Causes: rheumatic endocarditis thickens mitral valve leaflets and chordae tendineae leaflets fuse together and obstruct blood flow into the ventricle

64
Q

how does mitral stenosis lead to heart failure

A

right ventricle hypertrophies, which leads to dilation and increased heart rate and shortened diastole. The time for forward flow is reduced, the blood backs into pulm. veins.

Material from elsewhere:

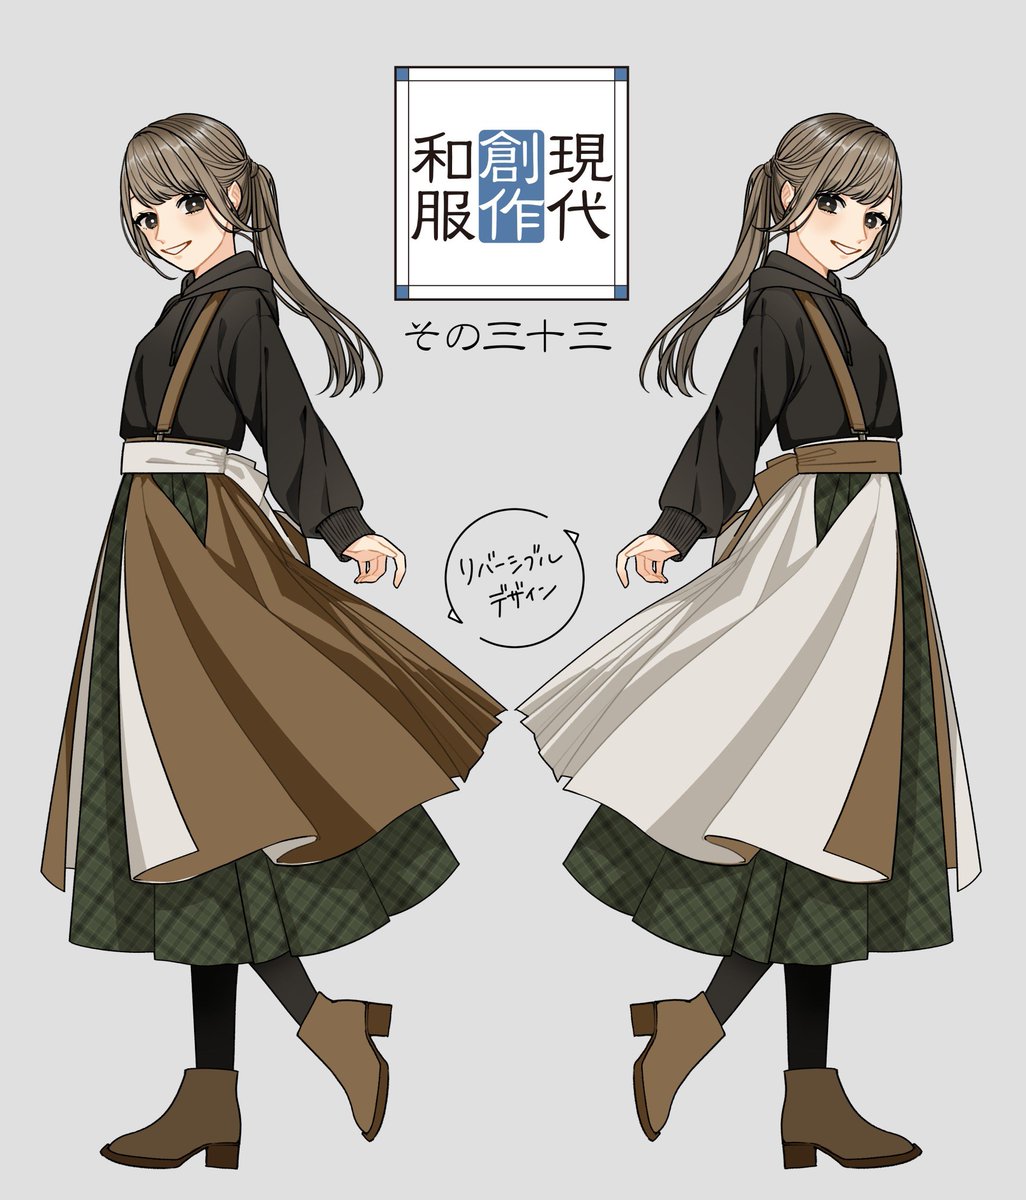 袴風オーバースカート続/コーデ①✨
印象の変わる着回しができちゃう?‍♀️

increased heart rate leads to decreased cardiac output, which leads to increase in pulm. pressure.

65
Q

what are the s/s of mitral stenosis

A

Mitral stenosis: DOE, prog. fatigue, decreased exercise tolerance, decreased cardiac output, dry cough, wheeze, hemoptysis, palpitations, orthopnea, PND, repeated resp. infections

66
Q

What is aortic regurgitation and its causes

A

aortic regurgitation is a condition in which blood flows back into the left ventricle from the aorta during DIASTOLE

Causes: infective or rheumatic endocarditis, congenital syphillis, dissected aneurysm, blunt chest trauma, surgical replacement of aortic valve.

67
Q

what are the S/S of aortic regurgitation and where is this heard?

A

forceful heart beat, (head and neck) marked arterial pulsations, visible palpations at carotid or temporal art. exertional dyspnea, fatigue, orthopnea, PND, widened pulse pressure, water-hammer pulse

heard: high pitched blowing noise, 3-4intercostal space at left sternal border DIASTOLIC murmur

68
Q

how does aortic regurgitation lead to HF

A

blood from aorta returns to left ventricle during diastole, in addition to blood normally delivered by left atrium. The left ventricle dilates and hypertrophies leading to increased SBP. Arteries compensate for increased pressure by REFLEX VASODILATION in which peripheral arterioles relax, peripheral resistance is decreased and decreased DBP.

69
Q

what is aortic stenosis and its causes

A

Aortic stenosis is the narrowing of the orifice between the left ventricle and aorta
Cause: often degenerative calcifications, atherosclerotic arterial disease, DM, hypercholesteremia, HTN, and low HDL, rheumatic endocarditis

70
Q

what are the S/S of aortic stenosis and where is this heard

A

Exertional dyspnea, increased pulm. ven. pressure, orthopnea, PND, pulm. edema, dizziness, syncope, angina pectoris, pulse pressure may be low
Heard: lough systolic murmur over aortic area and apex of the left ventricle. Low pitched crescendo-deccrescendo, rough, rasping, and vibration.

71
Q

how does aortic stenosis lead to heart failure

A

left ventricle overcomes obstruction to emptying by contracting more slowly and with increased power, which leads to increased pressure on the left ventricle, as a result the ventricular wall thickens.